Below are records with pictures in them. Transcribe everything from the line containing "Conselho Nacional Plenário" down to the line containing "Ilustração da tartaruga-de-couro", exactly, and leave the pictures behind.
======== Data to process ========
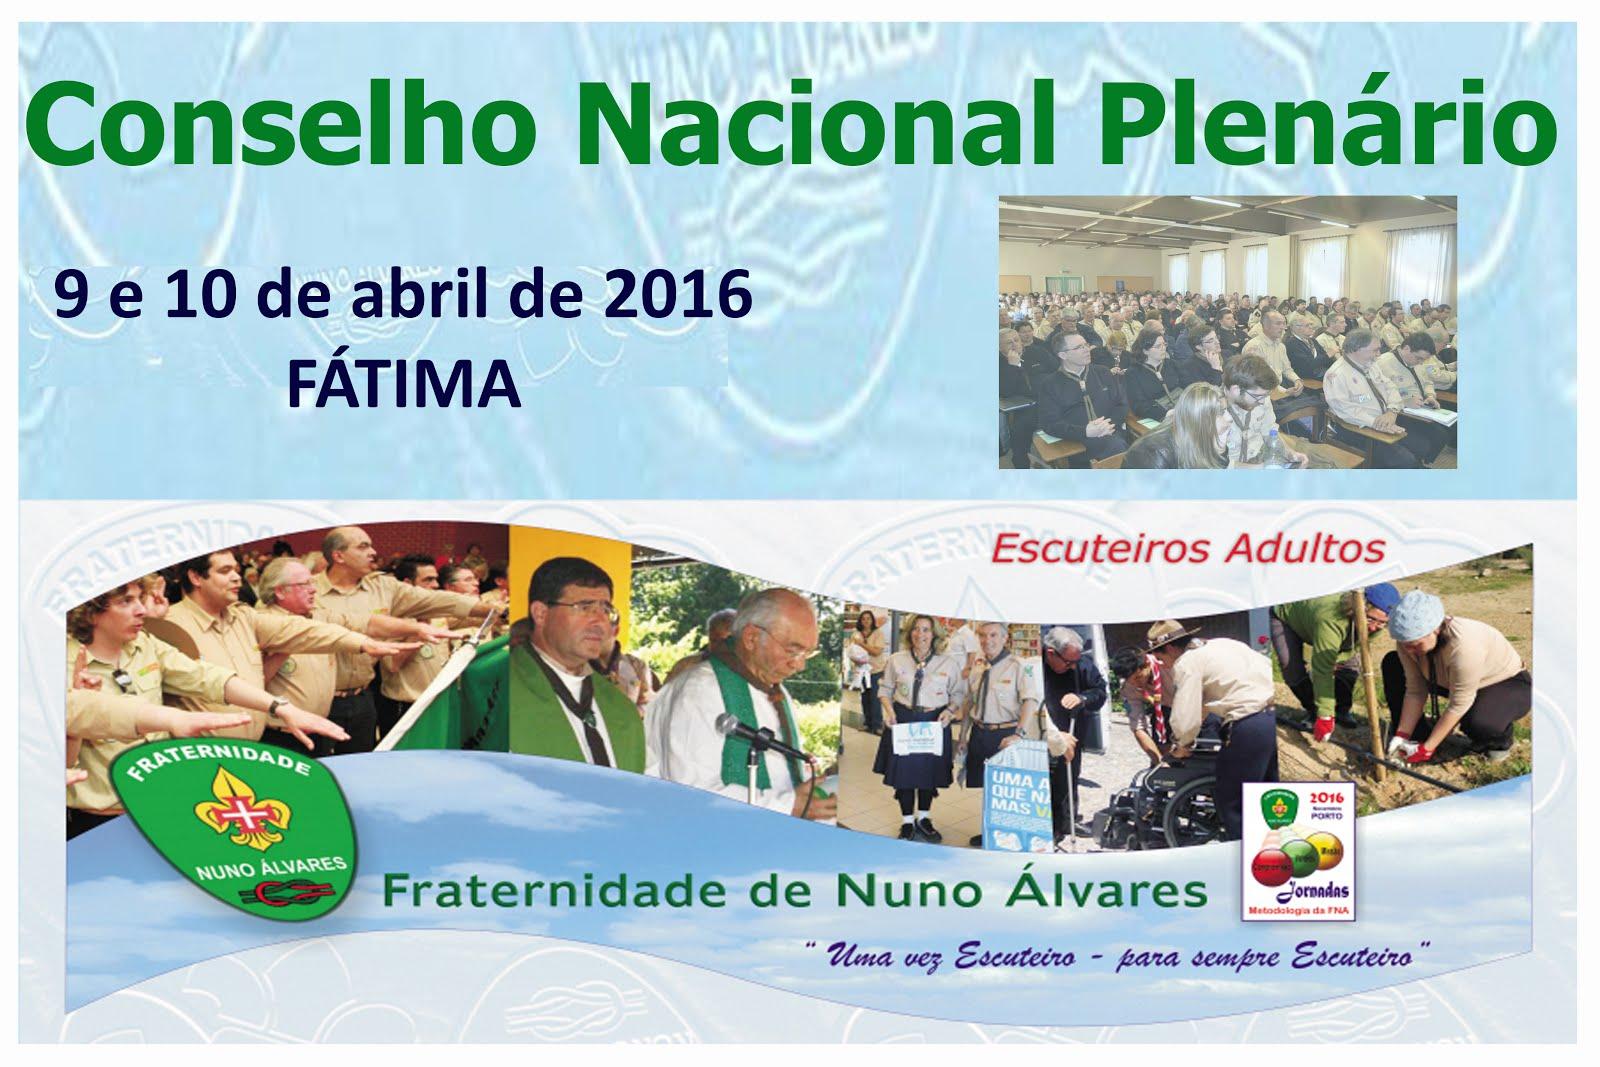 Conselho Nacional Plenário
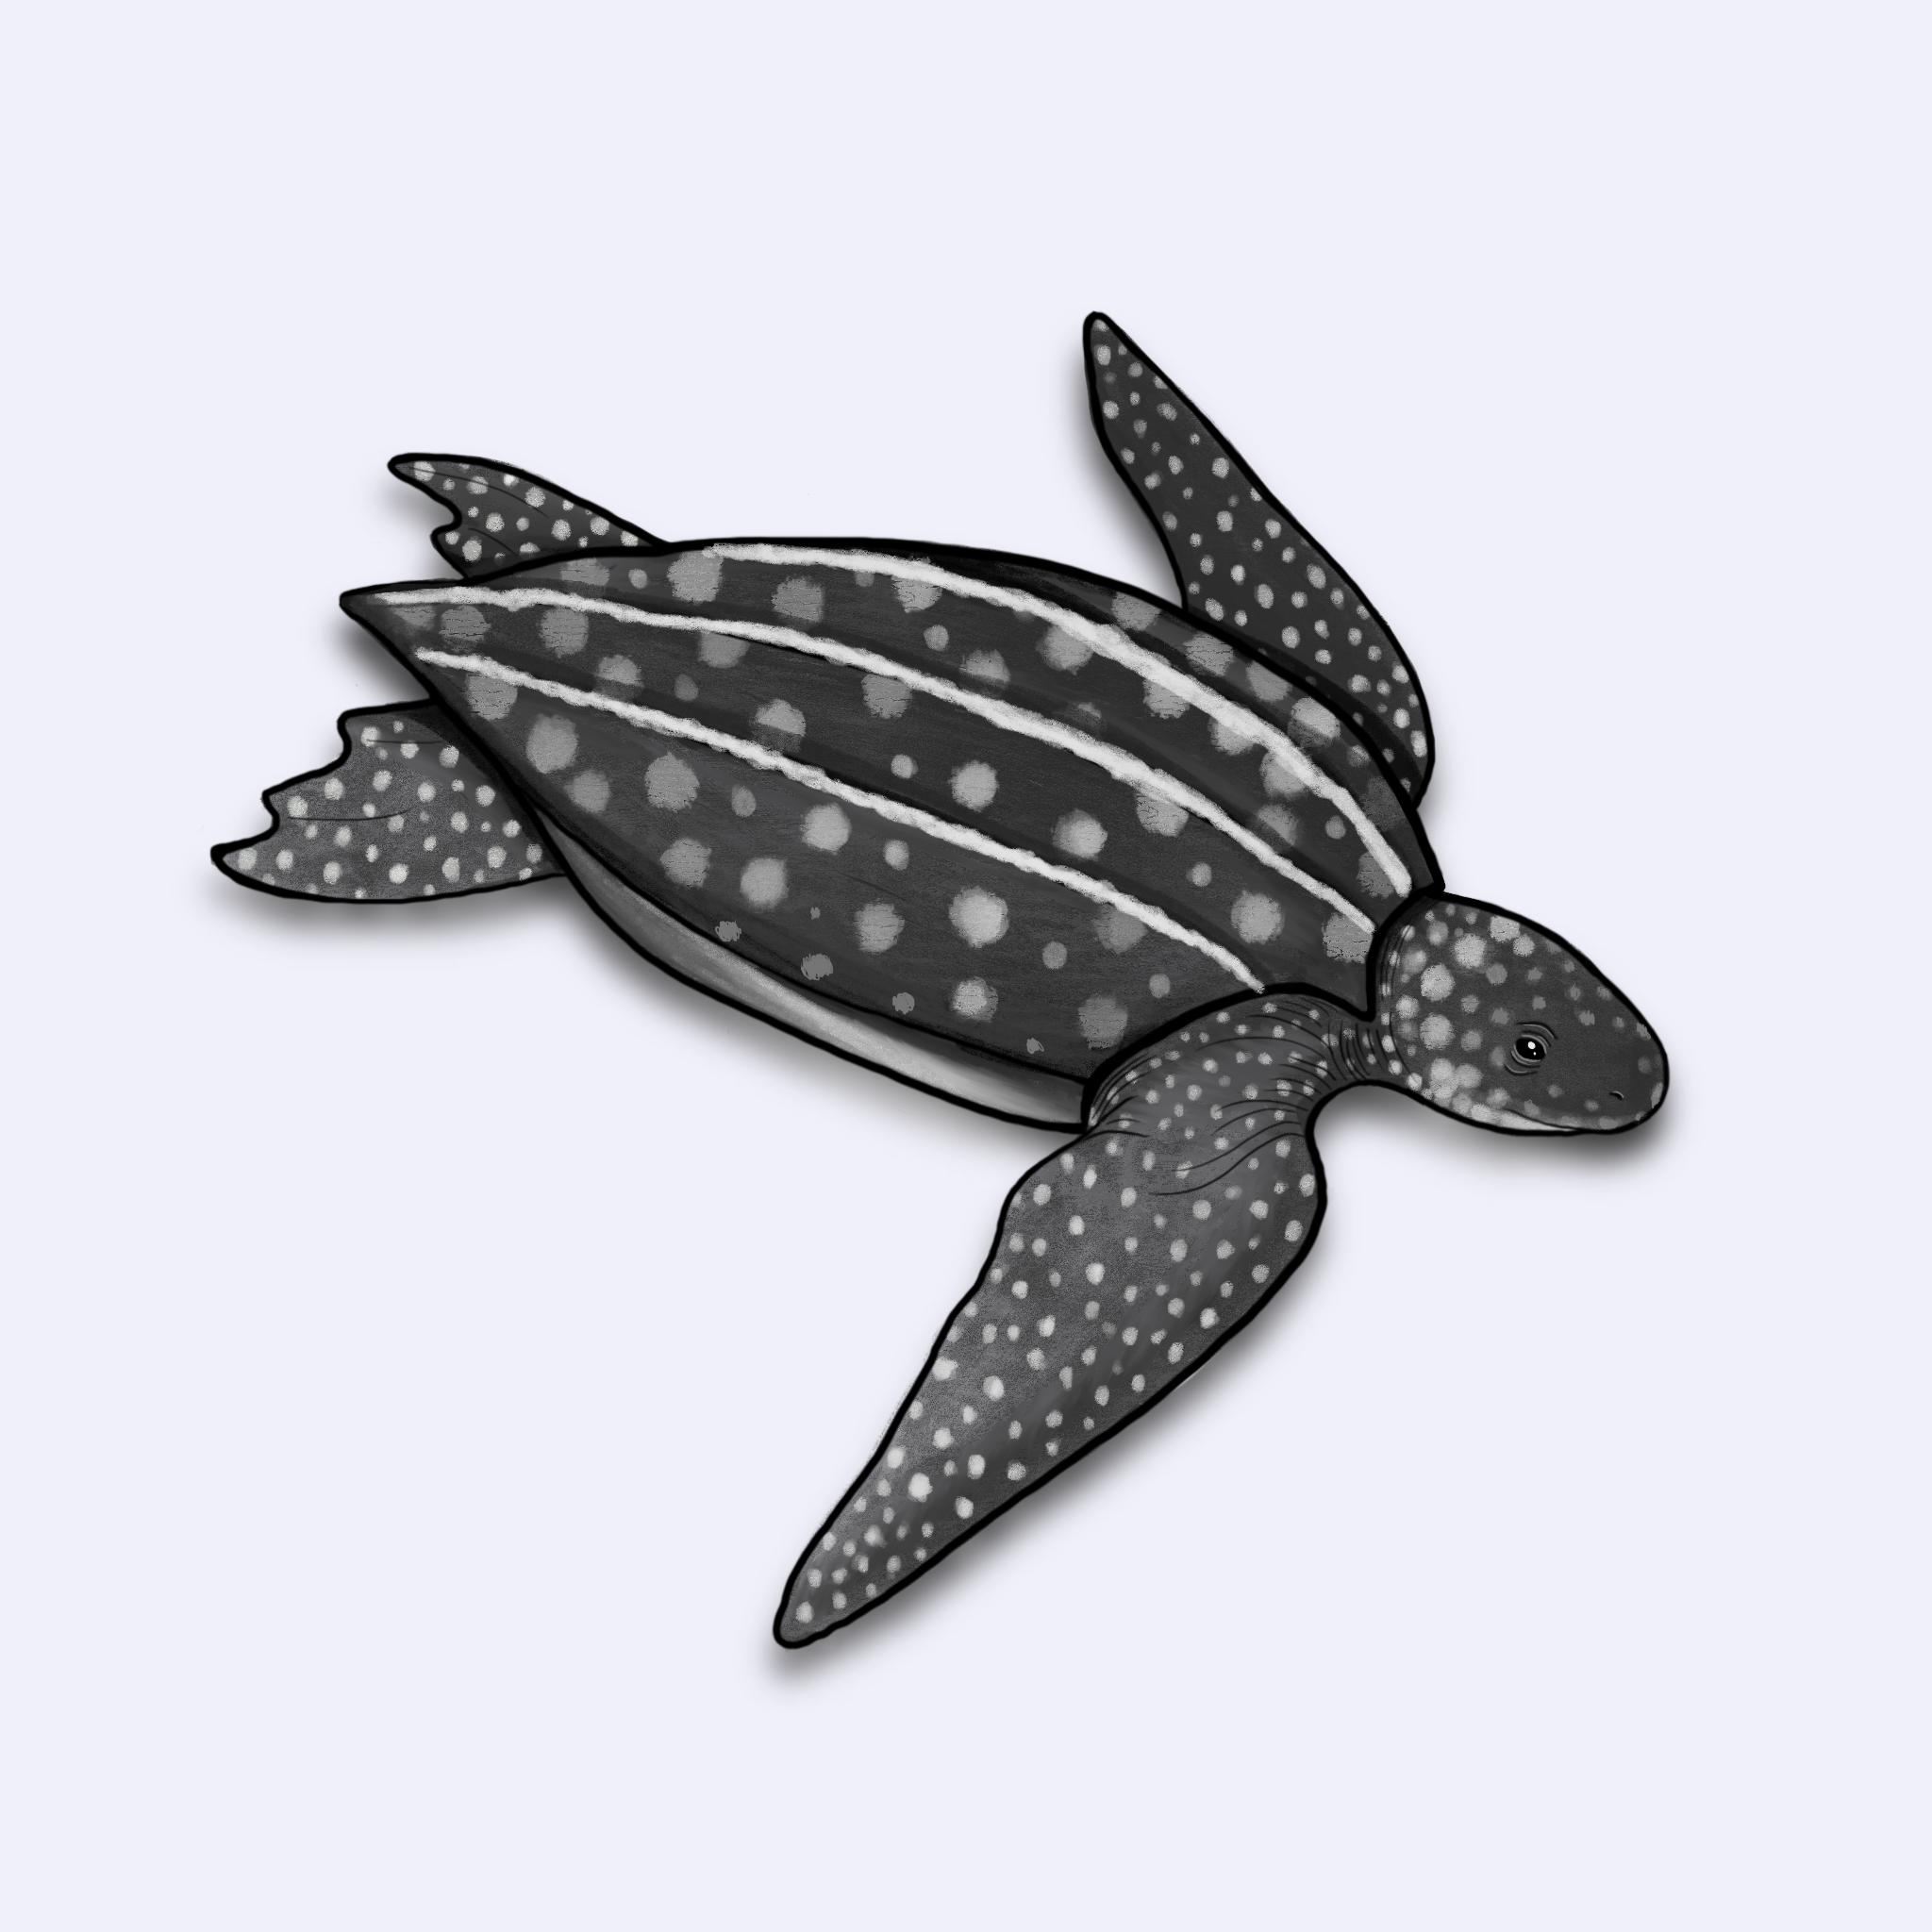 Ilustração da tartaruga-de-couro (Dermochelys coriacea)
========
======== Data to process ========
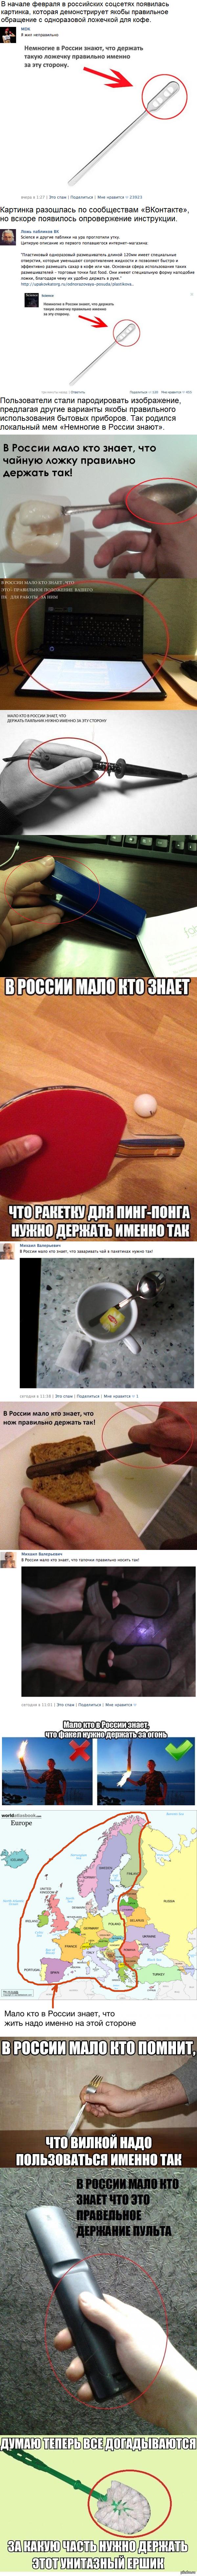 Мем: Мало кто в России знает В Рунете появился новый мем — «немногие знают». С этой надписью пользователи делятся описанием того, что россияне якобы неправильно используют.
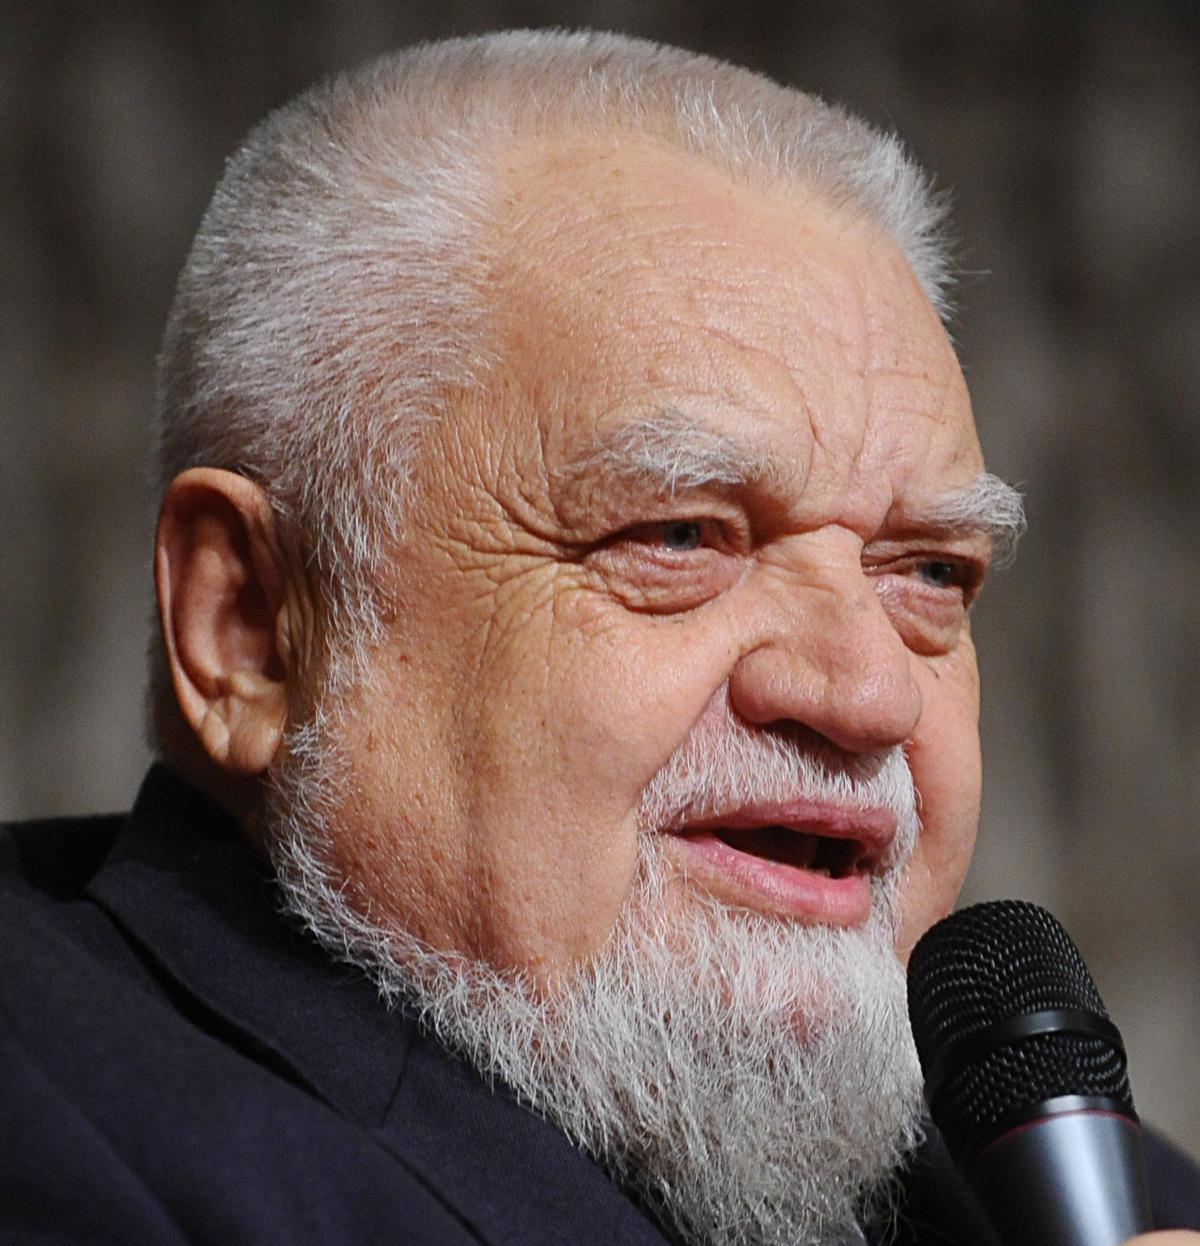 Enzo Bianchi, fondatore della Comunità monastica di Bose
========
** Solution below **
 Conselho Nacional Plenário
 Ilustração da tartaruga-de-couro (Dermochelys coriacea)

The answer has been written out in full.